Problem: A faithful copy is needed of the lines below from the one with "Disney Printable Coloring Pages" up to and including the one with "15 Beautiful Disney"; set it down with no pictures and no other lines.

Data for this exercise:
*** Begin section ***
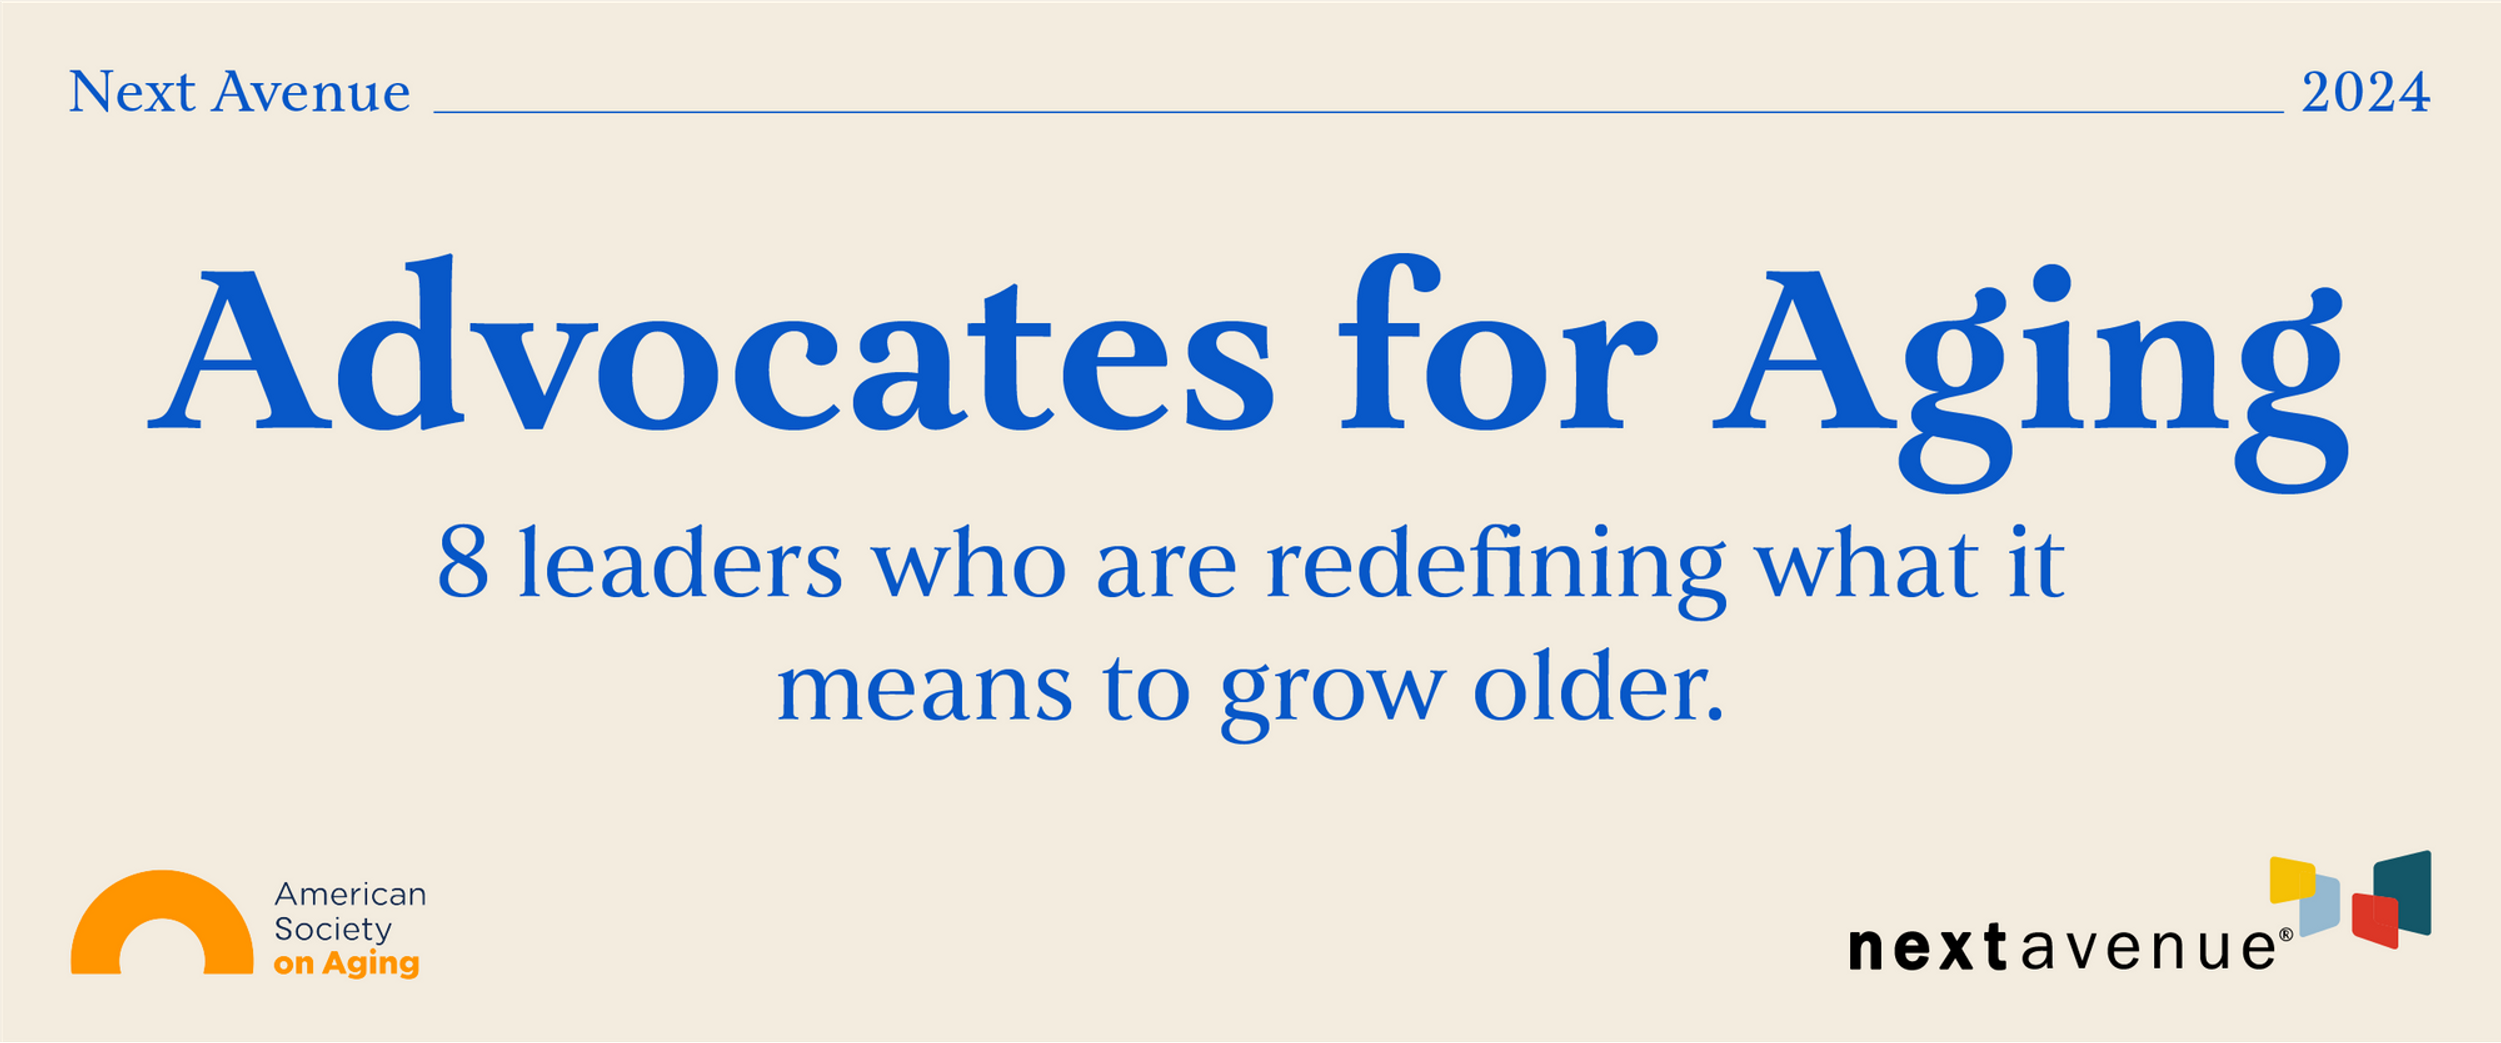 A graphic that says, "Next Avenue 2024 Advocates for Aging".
*** End section ***
*** Begin section ***
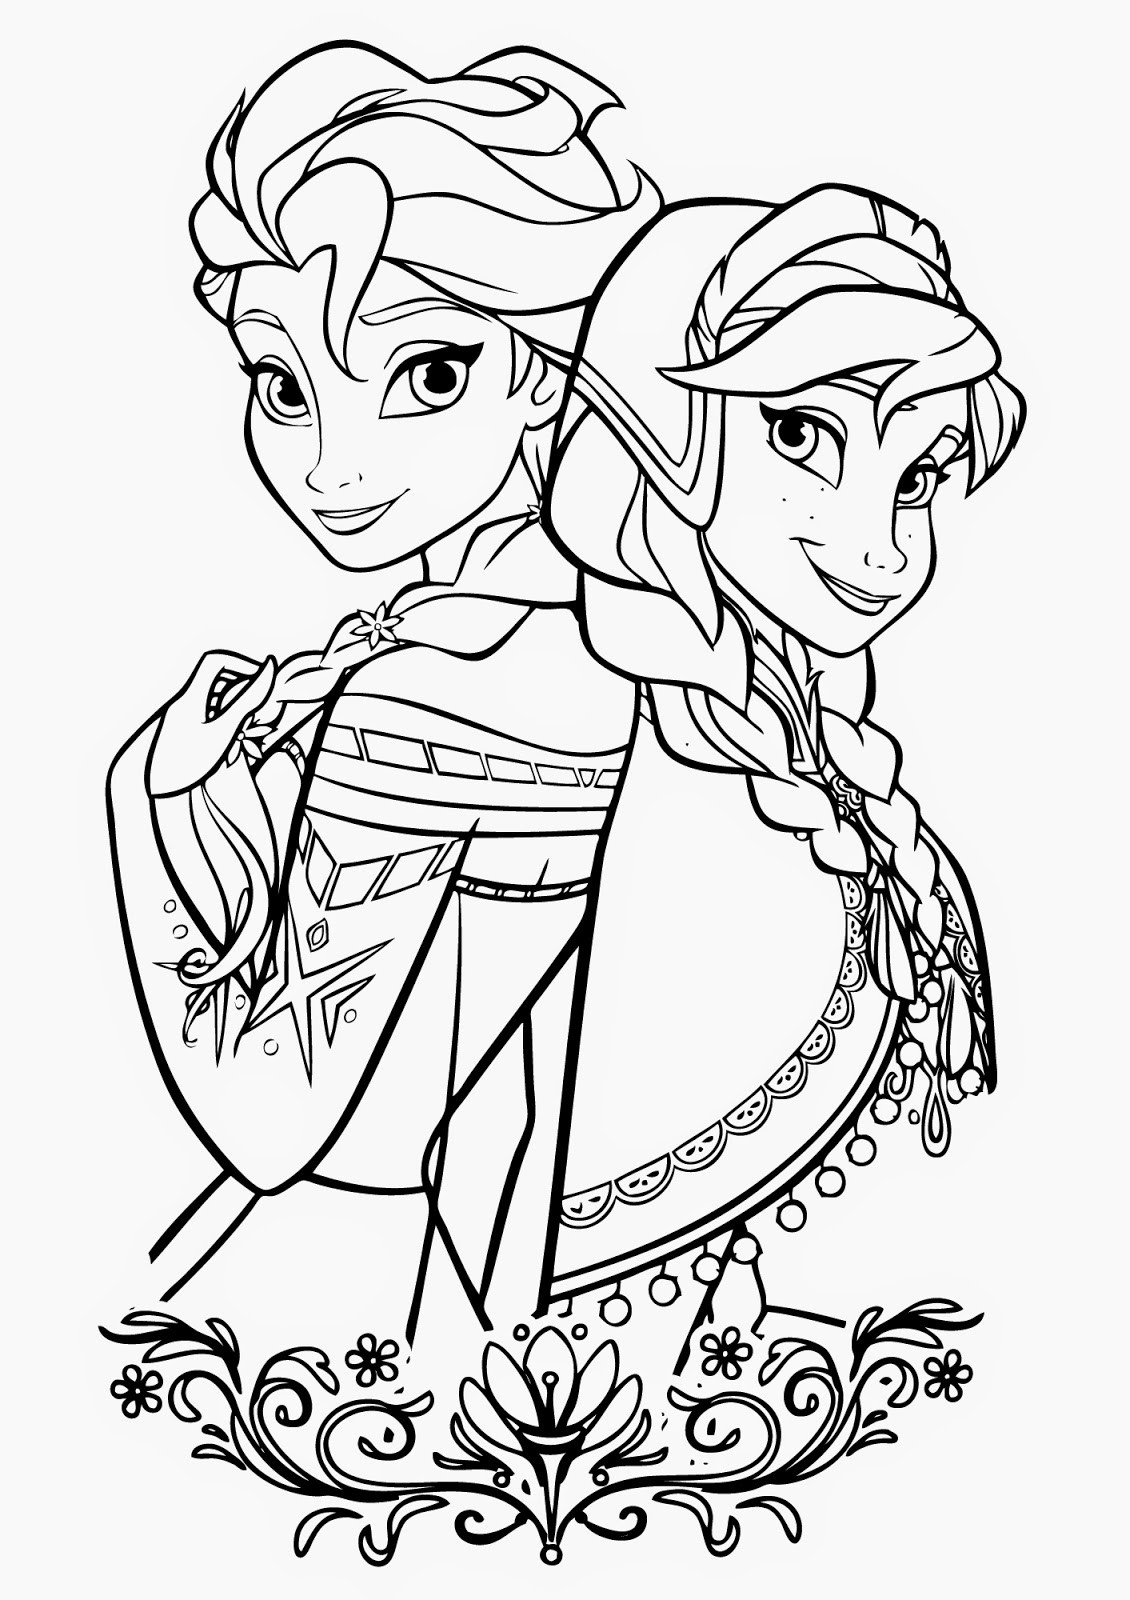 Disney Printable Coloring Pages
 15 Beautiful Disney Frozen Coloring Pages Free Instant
*** End section ***
Output of the task:
 Disney Printable Coloring Pages
 15 Beautiful Disney Frozen Coloring Pages Free Instant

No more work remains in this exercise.